I was in the produce section yesterday and checked out the sugar snap peas. My crop this year was the best ever, I've got *many* vacuum sealed bags of these peas in my freezer. I got them planted very early thanks to warm weather in the beginning of spring and cool weather in late spring, perfect for peas, they die when temps get too warm. But I couldn't believe the price being asked for them right now - $6.99 a pound! I can buy meat much cheaper than that. They are out of season at the moment, so what gives with this price? Are they growing these sugar snaps in air conditioned greenhouses? Next time I'm at the store, I'll see if they have frozen snaps and find out what they want for those. These peas are quite easy to grow, you just need a high trellis or fence for them to grow on. Steam them, add some butter and soy sauce, and they are very good.


----------



## CentaurG2 (Jun 20, 2017)

Fresh garden peas are one of my favorites. We use a cattle panels for a trellis. Grandpa used small tree branches stuck into the ground near the plants. Usually eat fresh peas on the 4th around here. Not this year. Too much rain. Plants are just starting to flower. Corn aint going to be knee high either.


----------



## ChoppyChoppy (Jun 20, 2017)

You can buy meat for less than $7 a lb? Where? Maybe lardy nasty burgers! 

I cooked up some Sirloin steak Sunday, was the cheap cuts, still was $15/lb.


----------



## Del_ (Jun 20, 2017)

ValleyFirewood said:


> You can buy meat for less than $7 a lb? Where? Maybe lardy nasty burgers!
> 
> I cooked up some Sirloin steak Sunday, was the cheap cuts, still was $15/lb.

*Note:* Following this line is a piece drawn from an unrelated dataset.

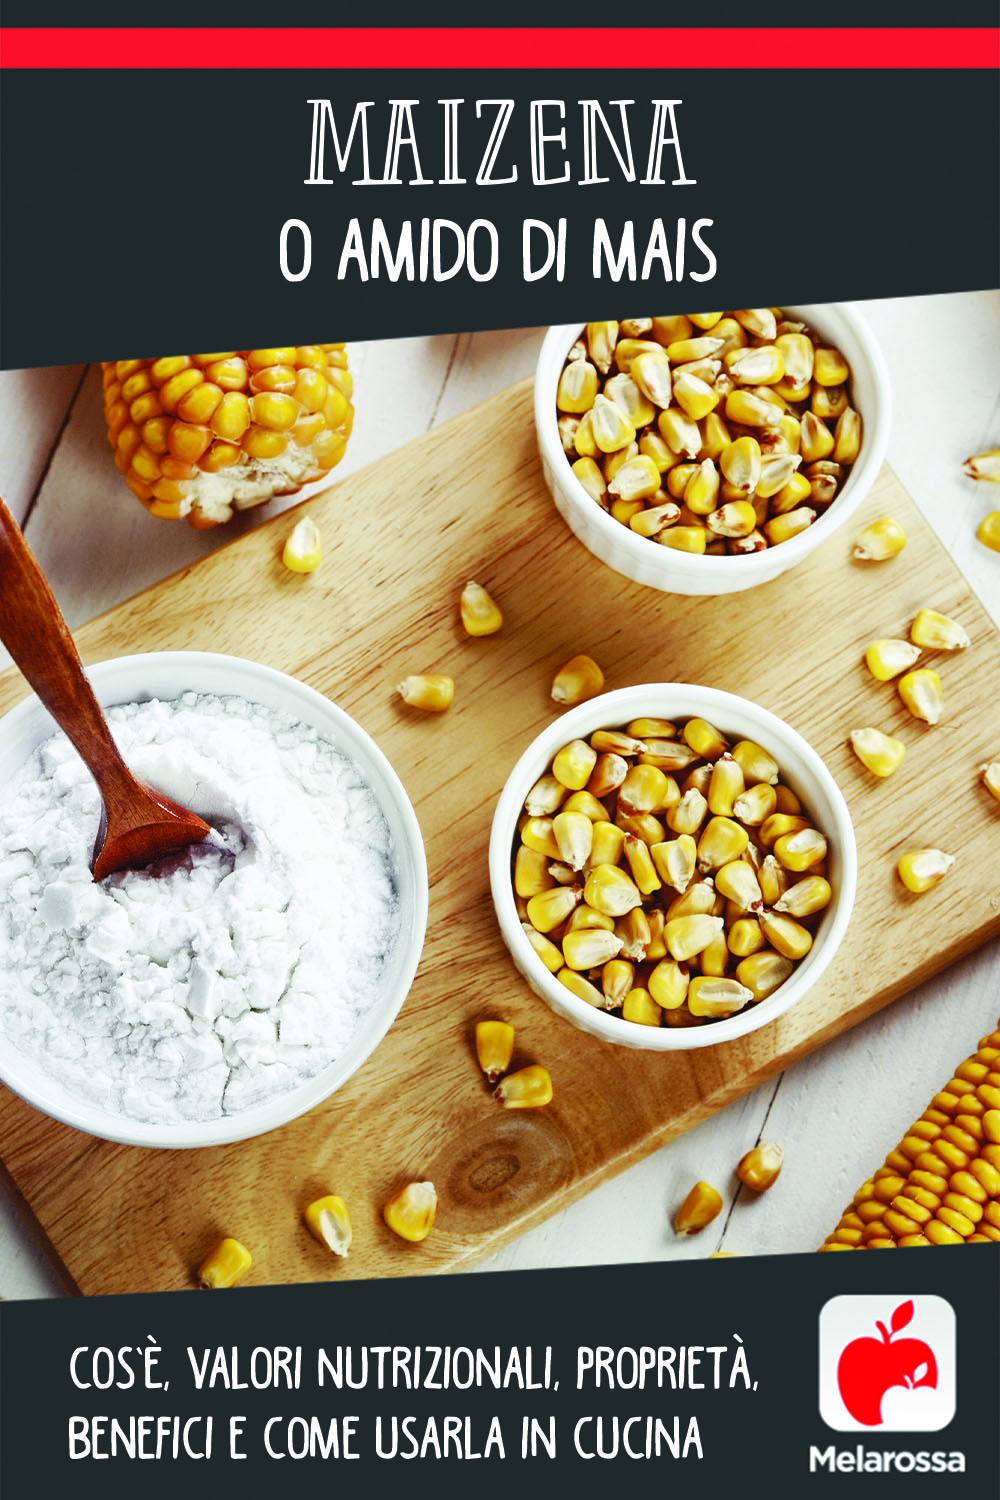 maizena o amido di mais: cos'è, valori nutrizionali, benefici e come usarla in cucina 
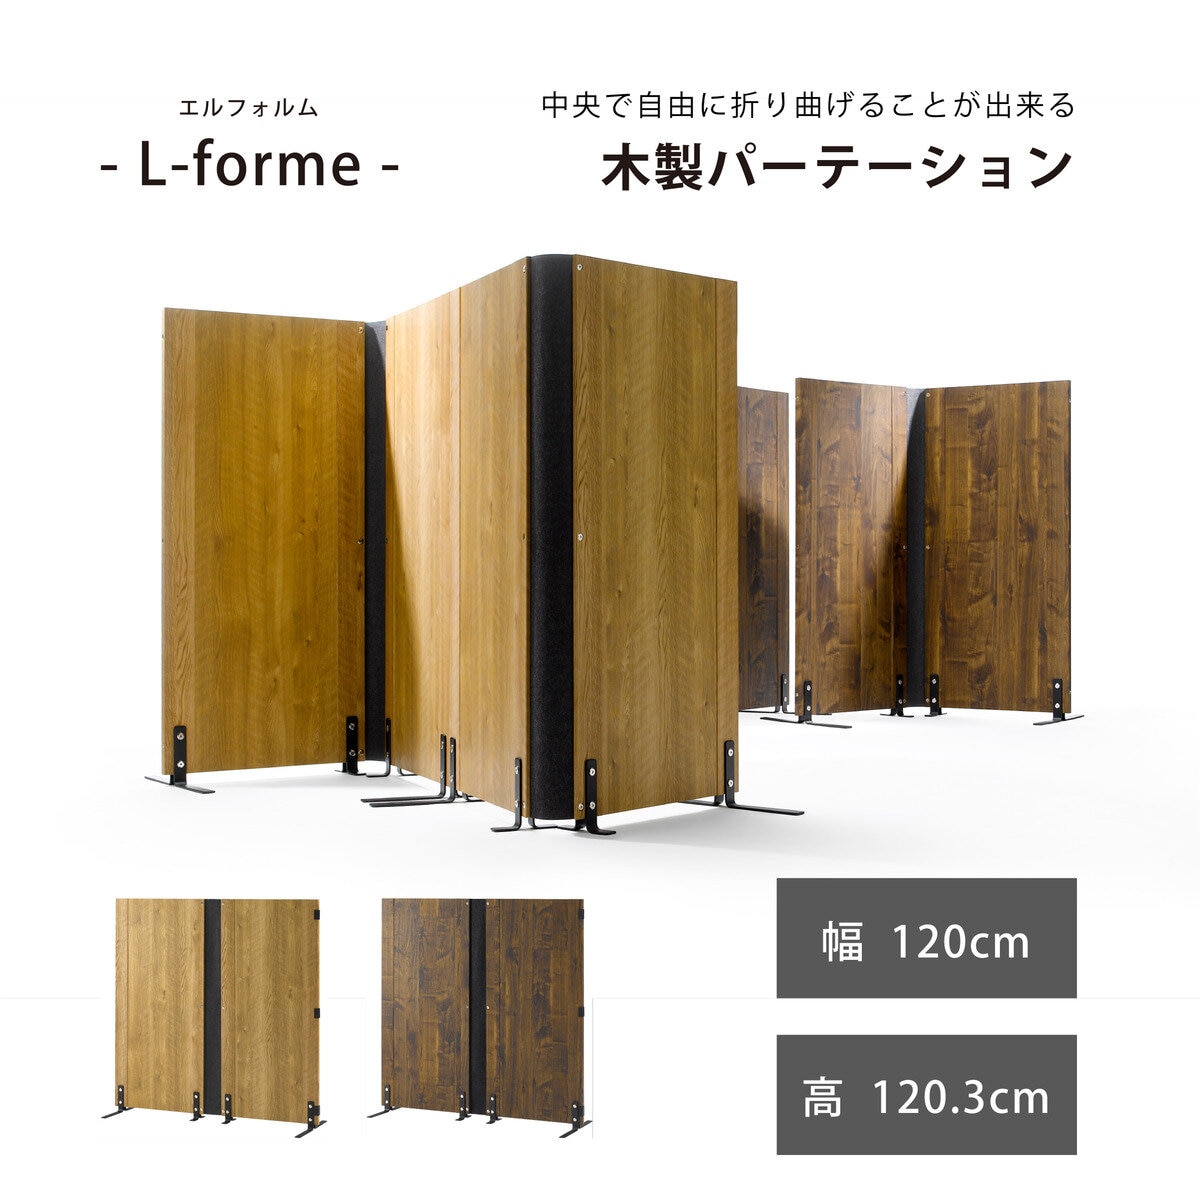 朝日木材加工 L-forme 木製パーティション | Costco Japan

We get chicken for $1 per pound at the supermarket. We don't eat steak but once per month maybe and then it is eating out.


----------



## chuckwood (Jun 20, 2017)

ValleyFirewood said:


> You can buy meat for less than $7 a lb? Where? Maybe lardy nasty burgers!
> 
> I cooked up some Sirloin steak Sunday, was the cheap cuts, still was $15/lb.



Meat must be really high in AK. I just bought a ten pound bag of chicken legs and thighs here for $7.00. I use some of it for feeding the pan handling foxes I've got here that show up in my back yard in the evenings. But it's ok for human consumption, I get it at a discount grocery store nearby. They sell reasonably lean ground chuck for around four bucks a pound. I'm not much of a meat eater however. The "regular" meat isn't in the same category as the organic stuff which is about twice as expensive - the foxes don't get any of that and the el cheapo grocery stores don't sell it. I try to eat organic as much as possible, that's why I grow most of my own food nowadays.


----------



## ChoppyChoppy (Jun 21, 2017)

Del_ said:


> We get chicken for $1 per pound at the supermarket. We don't eat steak but once per month maybe and then it is eating out.



It comes on sale for $3/lb sometimes.


----------